2006-II-45

Note that each faces of the tetrahedron are equilateral triangle with side $3\text{ cm}$. Consider the base equilateral triangle $ABC$. Add a point $D$ on $BC$ such that $AD\perp BC$ and $BD=CD$. Note that $E$ is the centroid of $\mathrm{\Delta }ABC$.

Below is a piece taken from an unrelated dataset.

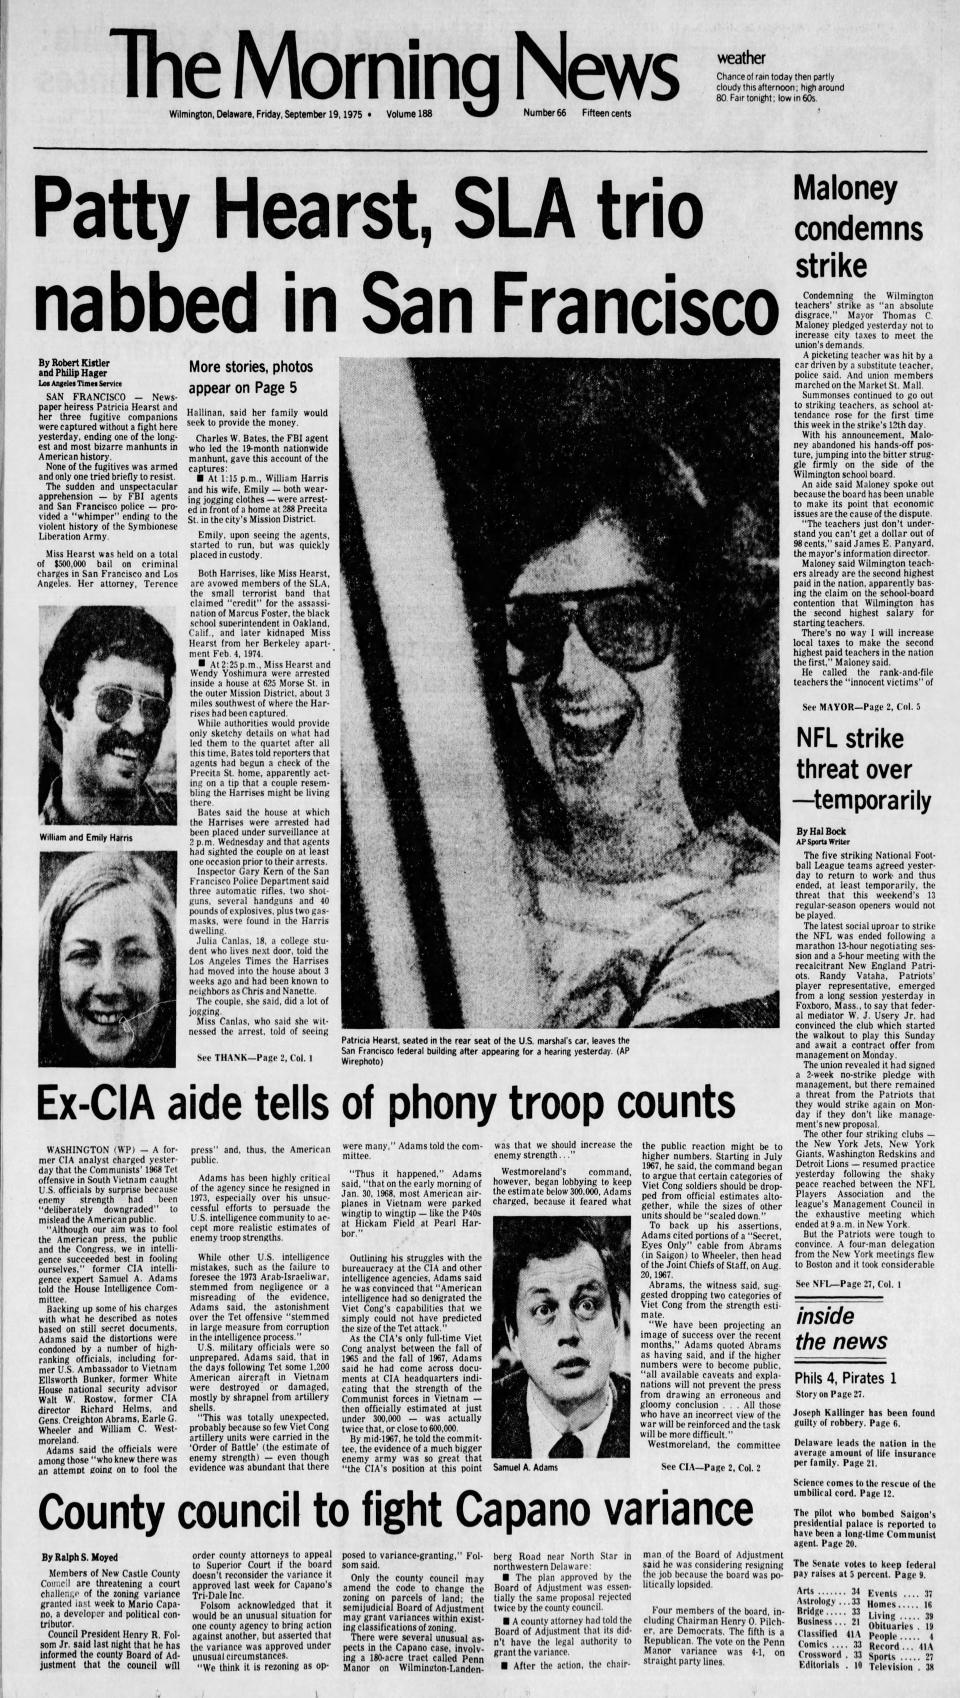 Front page of The Morning News from Sept. 19, 1975.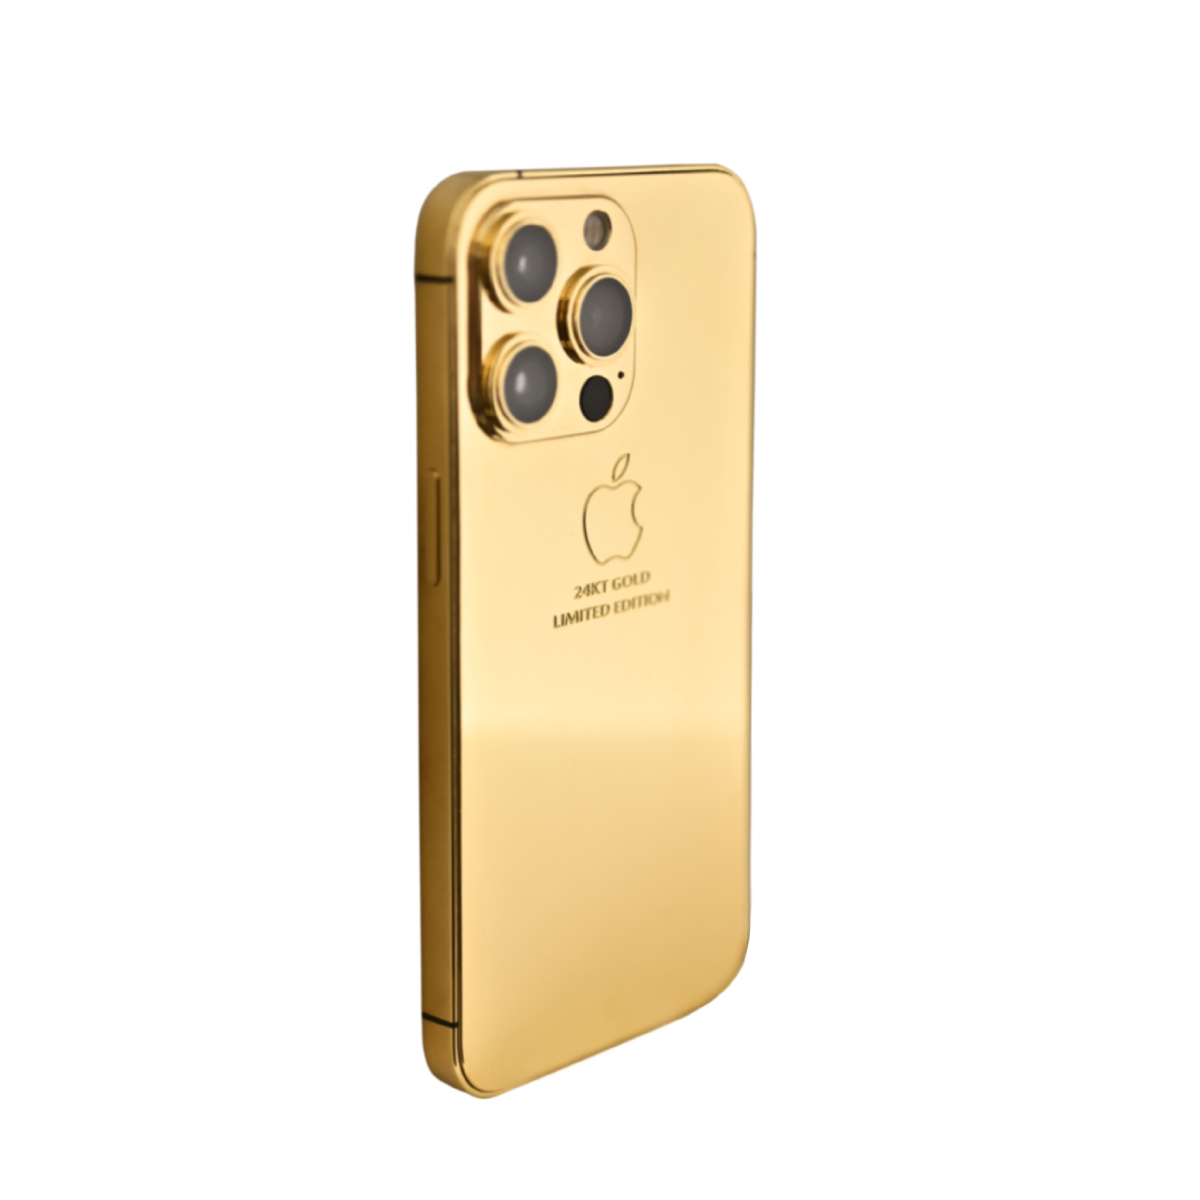 Caviar iPhone 13 Pro 24K Full Gold Limited Edition 1TB

$\begin{array}{rcl}A{C}^2& =& A{D}^2+C{D}^2\\ (3{)}^2& =& A{D}^2+(1.5{)}^2\\ AD& =& {\displaystyle \frac{3\sqrt{3}}{2}}\text{ cm}\end{array}$

Since $E$ is the centroid of $\mathrm{\Delta }ABC$, $AE:ED=2:1$. Hence, we have $AE=\sqrt{3}\text{ cm}$. In $\mathrm{\Delta }VEA$,

$\begin{array}{rcl}V{A}^2& =& V{E}^2+A{E}^2\\ V{E}^2& =& (3{)}^2–(\sqrt{3}{)}^2\\ V{E}^2& =& 6\\ VE& =& \sqrt{6}\text{ cm}\end{array}$

Therefore, the height of the tetrahedron is $\sqrt{6}\text{ cm}$.